INPUT DATA:
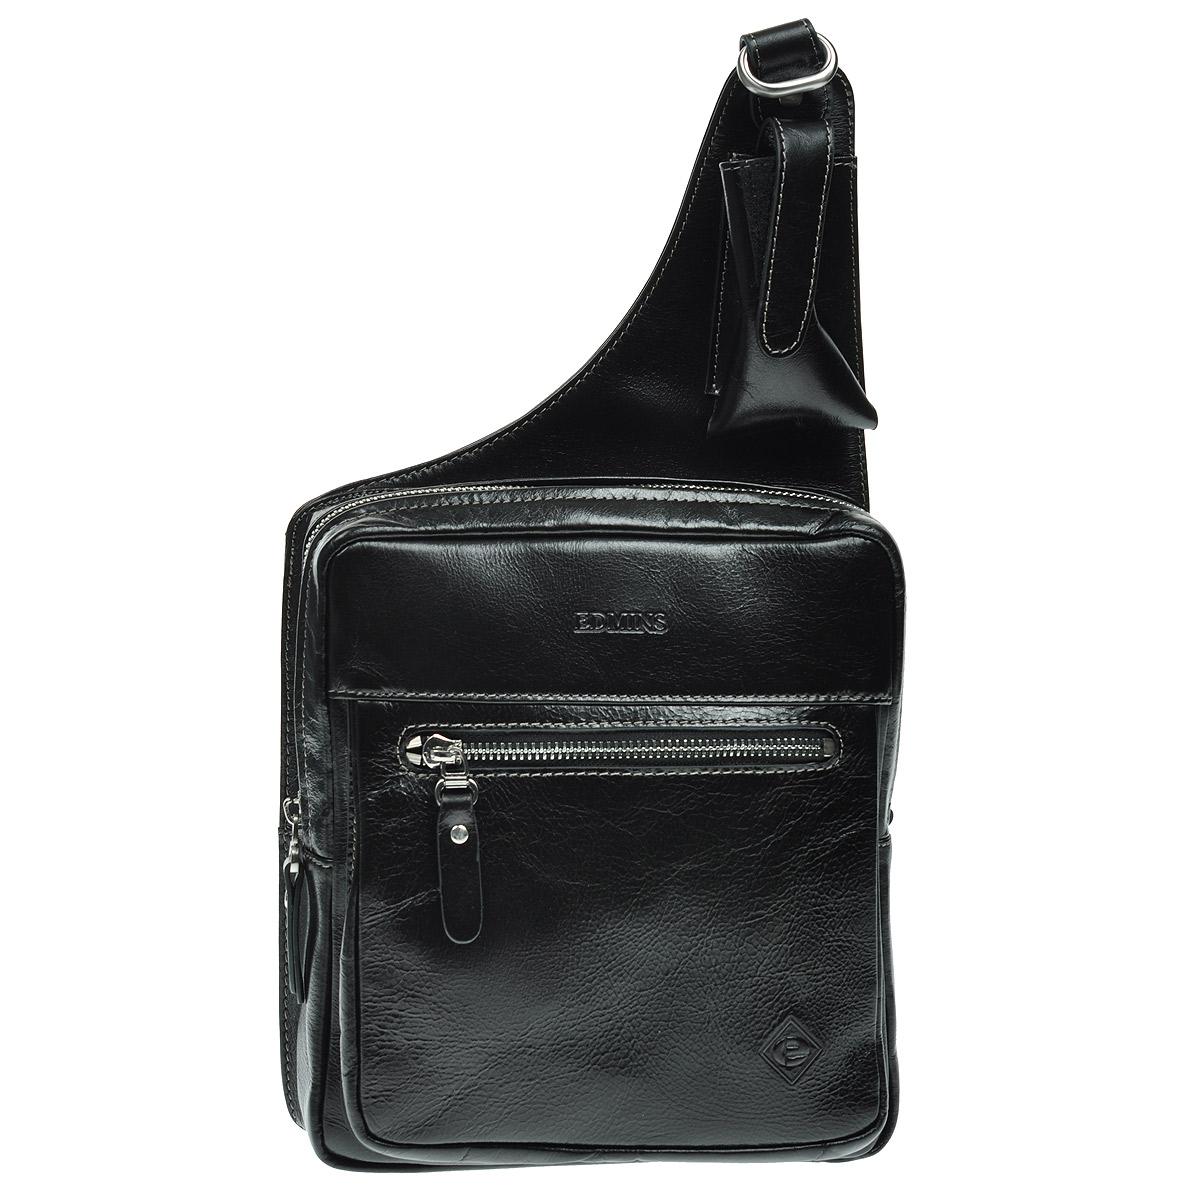 Сумка мужская Edmins, цвет: черный. 7005-1 Black7005-1 BlackМужская сумка Edmins выполнена из натуральной кожи черного цвета с глянцевой поверхностью. Сумка имеет одно основное отделение, закрывающееся на застежку-молнию. Внутри - вшитый карман на застежке-молнии. На лицевой стороне сумки расположен небольшой карман на застежке-молнии. На задней стенке сумки - дополнительный карман на застежке-молнии. Сумка также оснащена кармашком для мобильного телефона. Для удобства предусмотрена актуальная ручка-лента регулируемой длины. К сумке прилагается чехол для хранения. Характеристики: Материал: кожа натуральная, текстиль, металл. Цвет: черный. Размер сумки: 20 см х 38 см х 9 см. Артикул: 7005-1 Black.
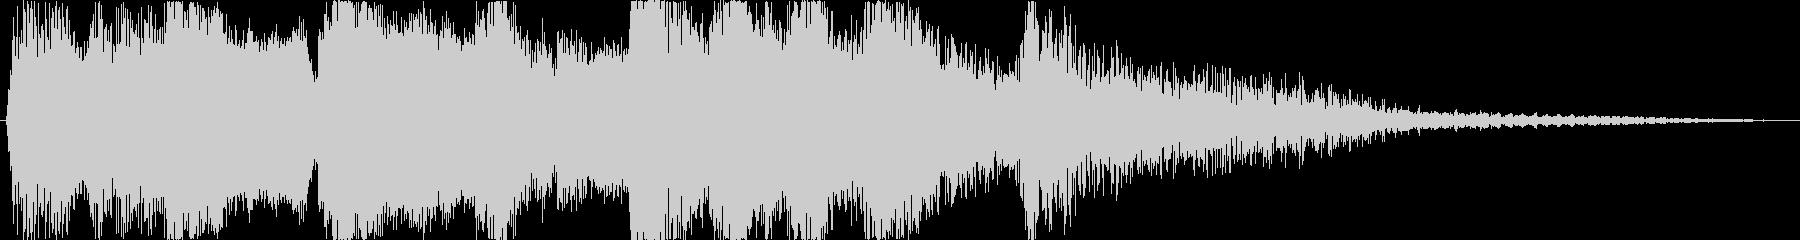 アニメのCM前後などに かわいいオケの未再生の波形
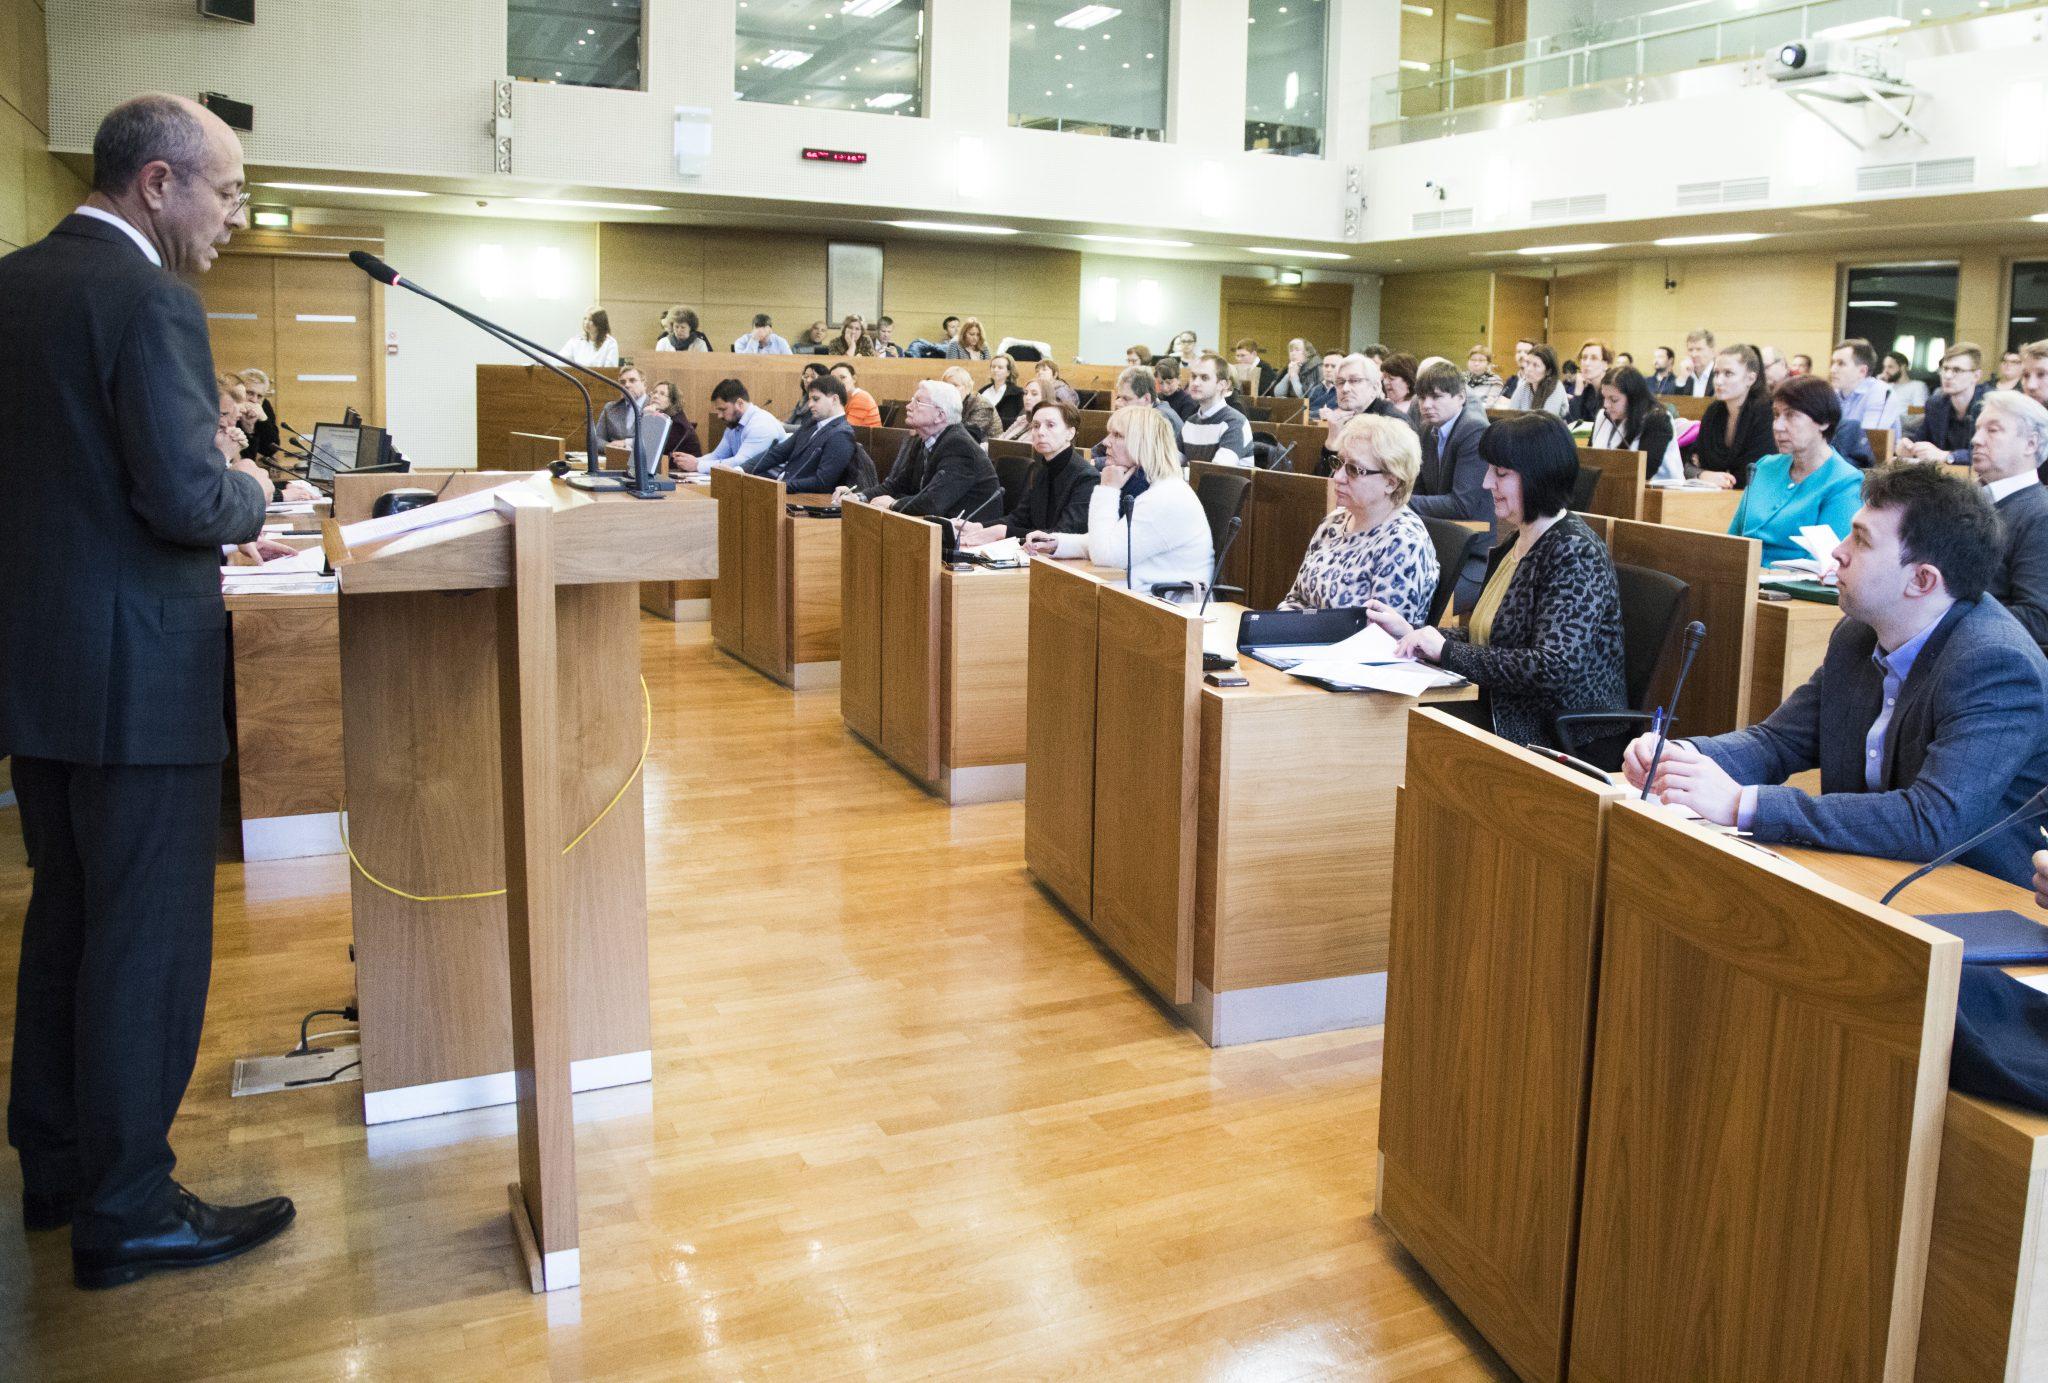 Vairāk nekā 80 namīpašnieku piedalījās seminārā par Rīgas pašvaldības līdzfinansējuma saņemšanu kultūras pieminekļu saglabāšanai
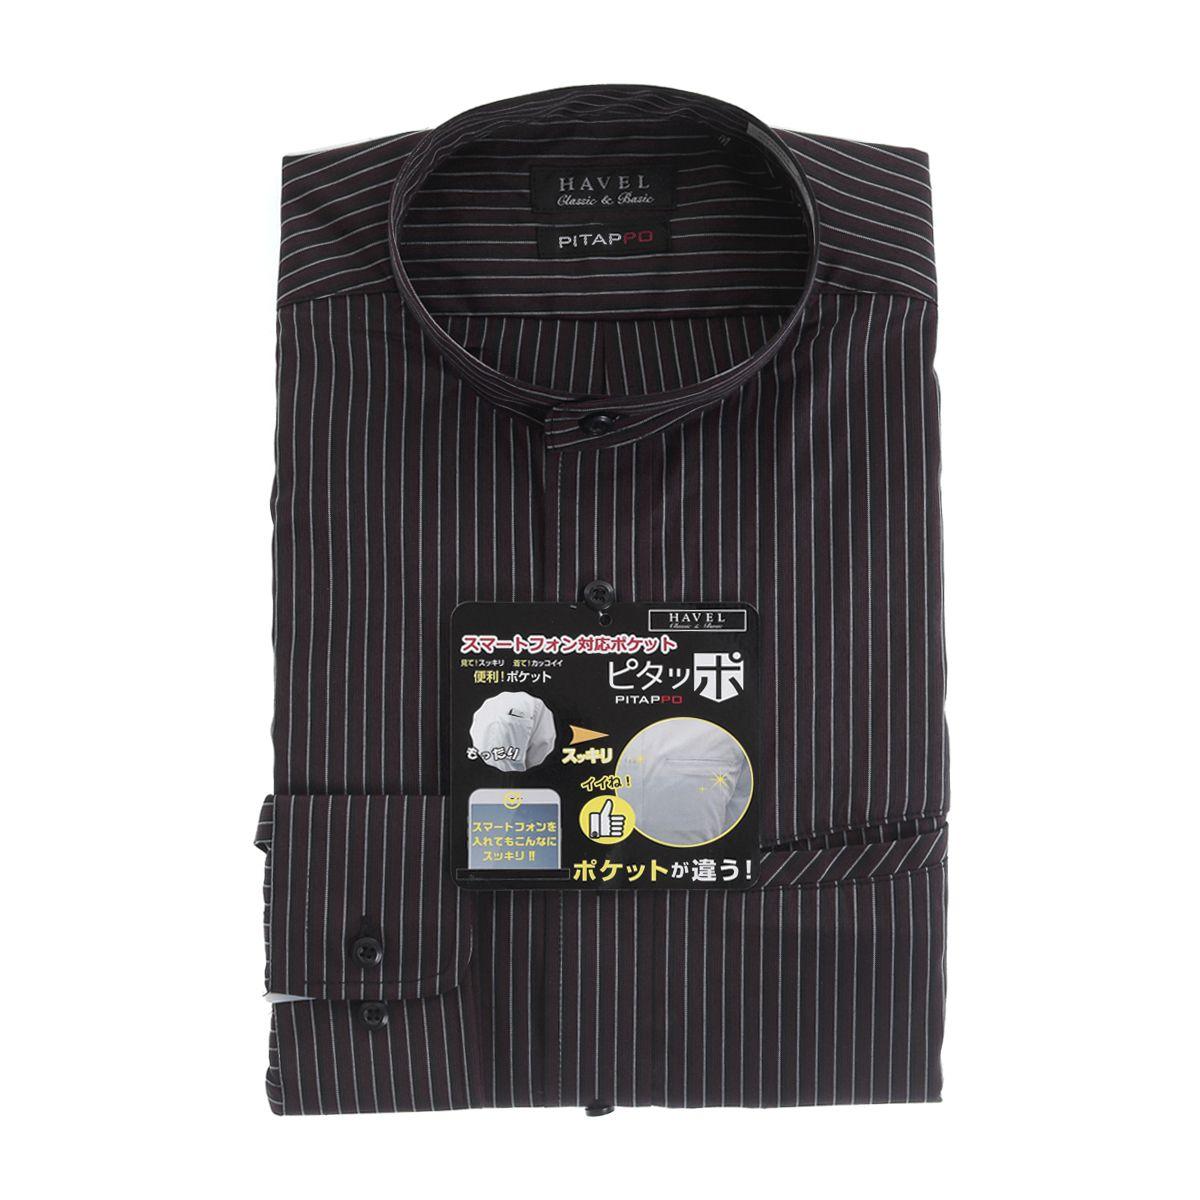 ピタッポ・形態安定 スタンドカラー ワイシャツ 長袖 【HAVEL Classic & Basic】

EXERCISE DETAILS:
Pictures stay out of this copy. Retype exactly the lines from the one with "アニメのCM前後などに かわいいオケの未再生の波形" through the last line of the data, both ends included, and nothing more.

SOLUTION TO THIS TASK:
 アニメのCM前後などに かわいいオケの未再生の波形
 Vairāk nekā 80 namīpašnieku piedalījās seminārā par Rīgas pašvaldības līdzfinansējuma saņemšanu kultūras pieminekļu saglabāšanai
 ピタッポ・形態安定 スタンドカラー ワイシャツ 長袖 【HAVEL Classic & Basic】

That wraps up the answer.